His broken body crushed into the soil so closely resembled a tiny green human, he gave me cause to reflect upon my dirty deed. Those dying remains matched perfectly the leaves of the newly planted Valencia Orange tree, upon which he had been happily feeding, only moments before the sole of my sandal abruptly ended his short life. Tiny legs still contracting in his final death throes, the three inch long grasshopper no longer posed a threat to my future orange crop. A wave of guilt and remorse swept over me, causing momentary nausea and light-headedness. Poor little guy was only doing what it took to live another day, to find love, reproduce, and experience joy in his grasshopper world. In the grand scheme of things, whether or not there is a scheme and whatever that scheme may be…was his life any less important than mine? And how do we know that, if there happens to be a god, she doesn’t look more like a grasshopper than a human?

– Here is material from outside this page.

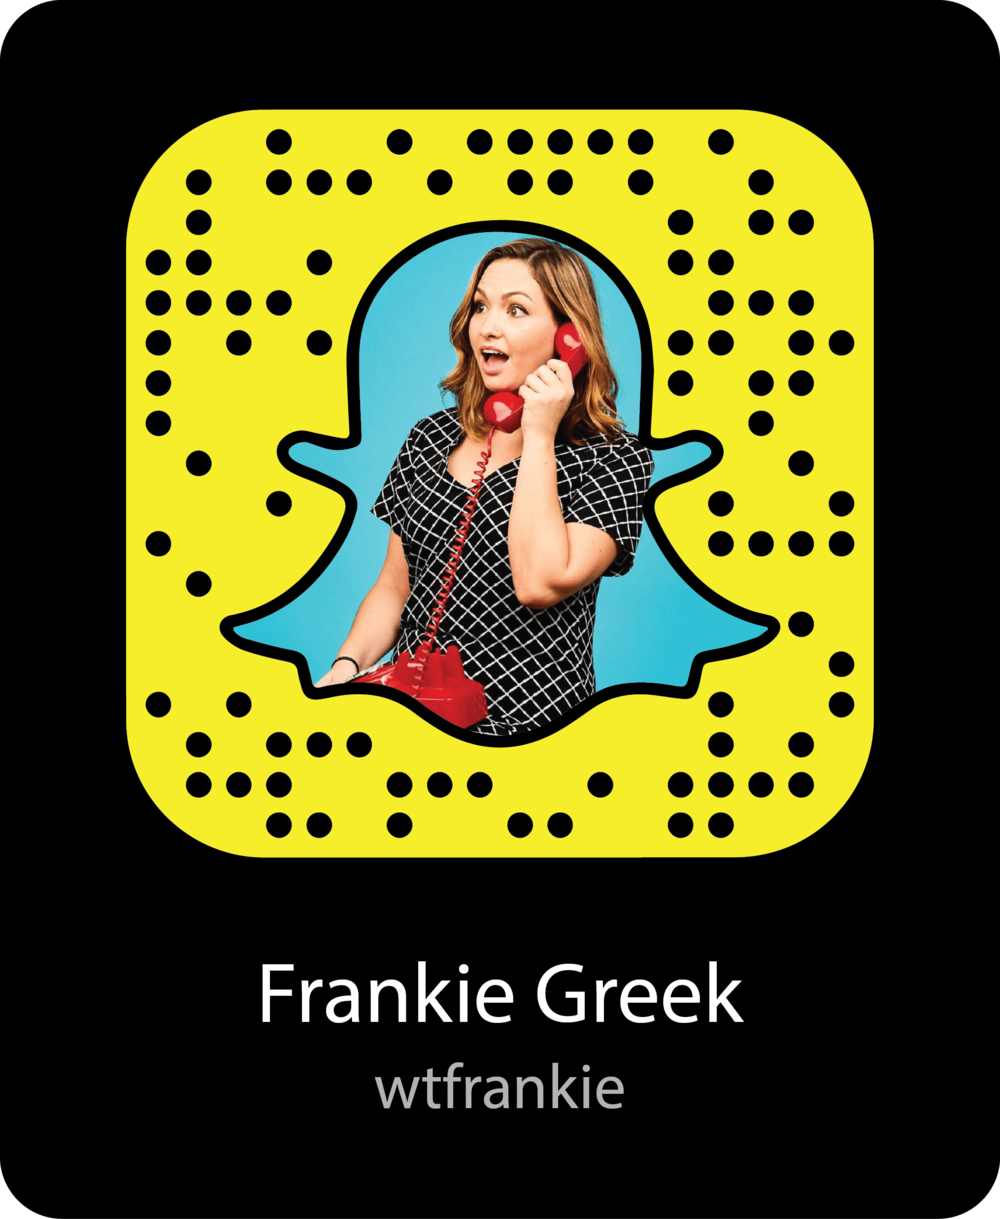 Frankie Greek: (wtfrankie) Category: Storytellers

It’s dog eat dog out there, as they say. Survival of the fittest, strongest, smartest, most voracious, and greediest determines the fate of our tiny blue sphere, and has likely been repeated, on a zillion planets within the unfathomable predatory universe, since the beginning of time (if indeed time had a beginning). If I really was the kind, empathetic soul I claim to be, I’d have shared the little orange tree with the tiny being whose body would now instead, decompose and enhance its growth and food production. Dust to dust, orange trees to oranges. Time to face facts: That gentle, kind man in my bathroom mirror is a merciless predator, simply obeying universal laws, protecting the tree which will someday feed him.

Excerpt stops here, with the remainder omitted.